A particular aspect of how these moments finish is captured by the procedural choreography that concluded the shutdown. Johnson took action and pushed the bill to Trump’s desk in response to pressure from Trump and the approaching one-week legislative recess. Johnson described the vote as a victory and stated that a vote on funding the remainder of DHS was only possible if the budget resolution for ICE and CBP was advanced. The floor’s procedural framing was defensive.
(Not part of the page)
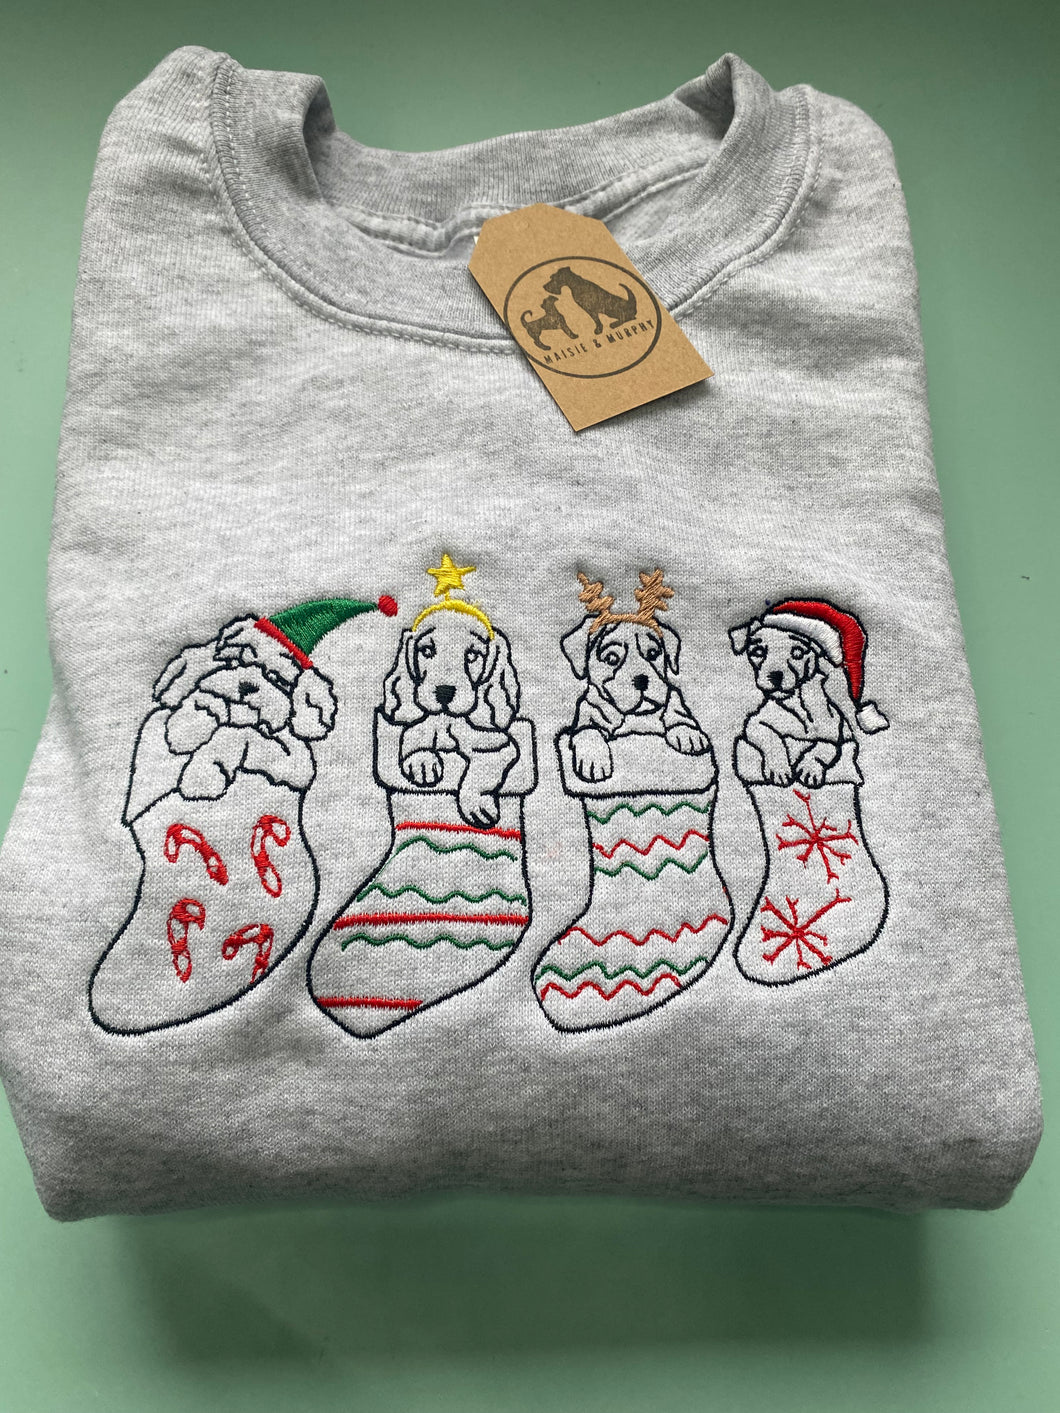 Christmas Puppy Stocking Sweatshirt - Festive dogs sweater for dog lovers

A almost identical version of the Senate bill that had been on Speaker Johnson’s desk since late March was the substantive result. “For no apparent reason, Speaker Johnson prolonged the DHS closure for more than a month. Five weeks ago, the Senate unanimously approved this same bill, according to a statement from Senate Appropriations Chair Patty Murray, D-Wash. The chronology alone makes it difficult to refute the claim.
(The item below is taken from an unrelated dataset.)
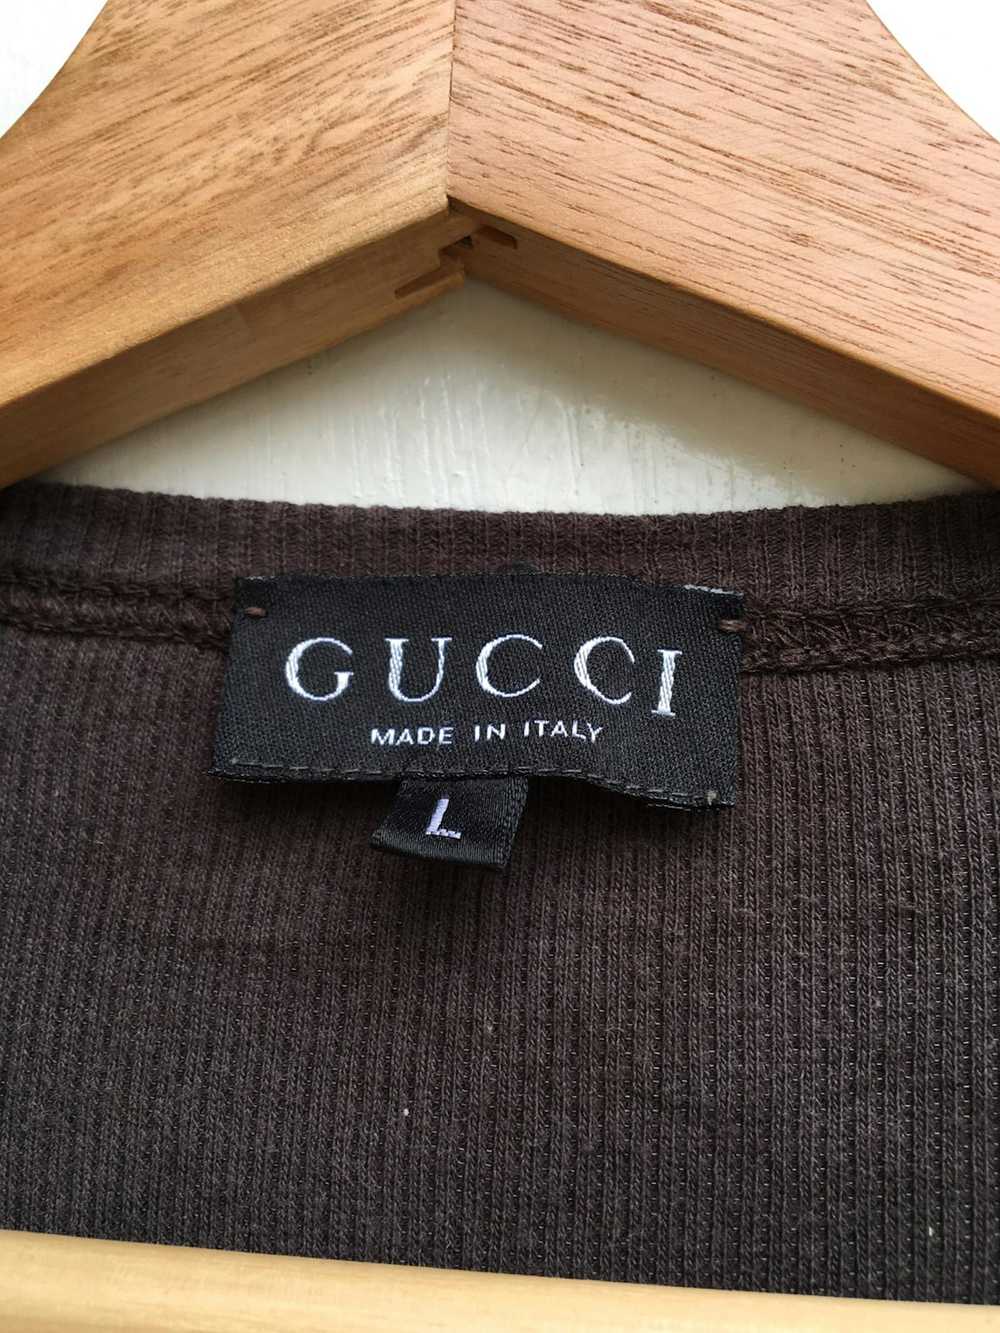 Gucci Vintage 90s Gucci Longsleeve Button Up Shirt - image 6

The portion of the tale that won’t become completely apparent for months is the total harm caused by the consecutive shutdowns. When the February DHS shutdown started, federal workers who had been placed on furlough during the October–November 2025 shutdown were still making financial progress. Post-pandemic attrition has already put a burden on TSA manpower, and this impact has continued.
Three months of operations under emergency or partial funding regimes have been handled by the Coast Guard, FEMA, and federal law enforcement agencies under DHS. The headline shutdown timeframe does not adequately reflect the disruptions to federal contractor relationships, airport security infrastructure, and SNAP payments. Even if the economic cost is so dispersed across a variety of categories that no single figure adequately represents it, it still exists.

When you sit with it, the political dynamic that lies beneath all of this is quite bizarre. In the parliamentary systems utilized by the majority of European countries, congressional shutdowns are practically unthinkable; instead, a budget failure usually results in a vote of confidence or fresh elections. The American system divides executive responsibility from appropriations in a way that permits the legislative and executive branches to engage in protracted conflicts while government operations stall or cease completely.
DHS would have remained shuttered until mid-May if the House had waited for the Senate to enact a reconciliation package, as some Republican legislators requested. The immediate result is avoiding that outcome. There is still no answer to the longer-term question of whether the next continuing resolution expires before another shutdown starts.
Observing how the last six months have transpired, it seems as though government shutdowns have become a standard aspect of American budgeting in ways that previous legislative behavior patterns never foresaw. The End Government Shutdowns Act, which was introduced last year, and other bipartisan reform initiatives have failed to address the governance dysfunction that has resulted from the 21 funding gaps and 11 shutdowns since contemporary budget rules went into effect.
The reconciliation package for ICE and Border Patrol is still in the legislative process, and Republican counterproposals to the underlying immigration policy disagreements that caused the previous shutdown are still pending. The shutdown is ended. There has been no significant change in the underlying circumstances that gave rise to it. The next few months will determine whether the next funding cliff results in another record-breaking shutdown or an instance of unanticipated institutional restraint. The longest shutdown in American history has just concluded. It’s highly likely that the next one is already scheduled.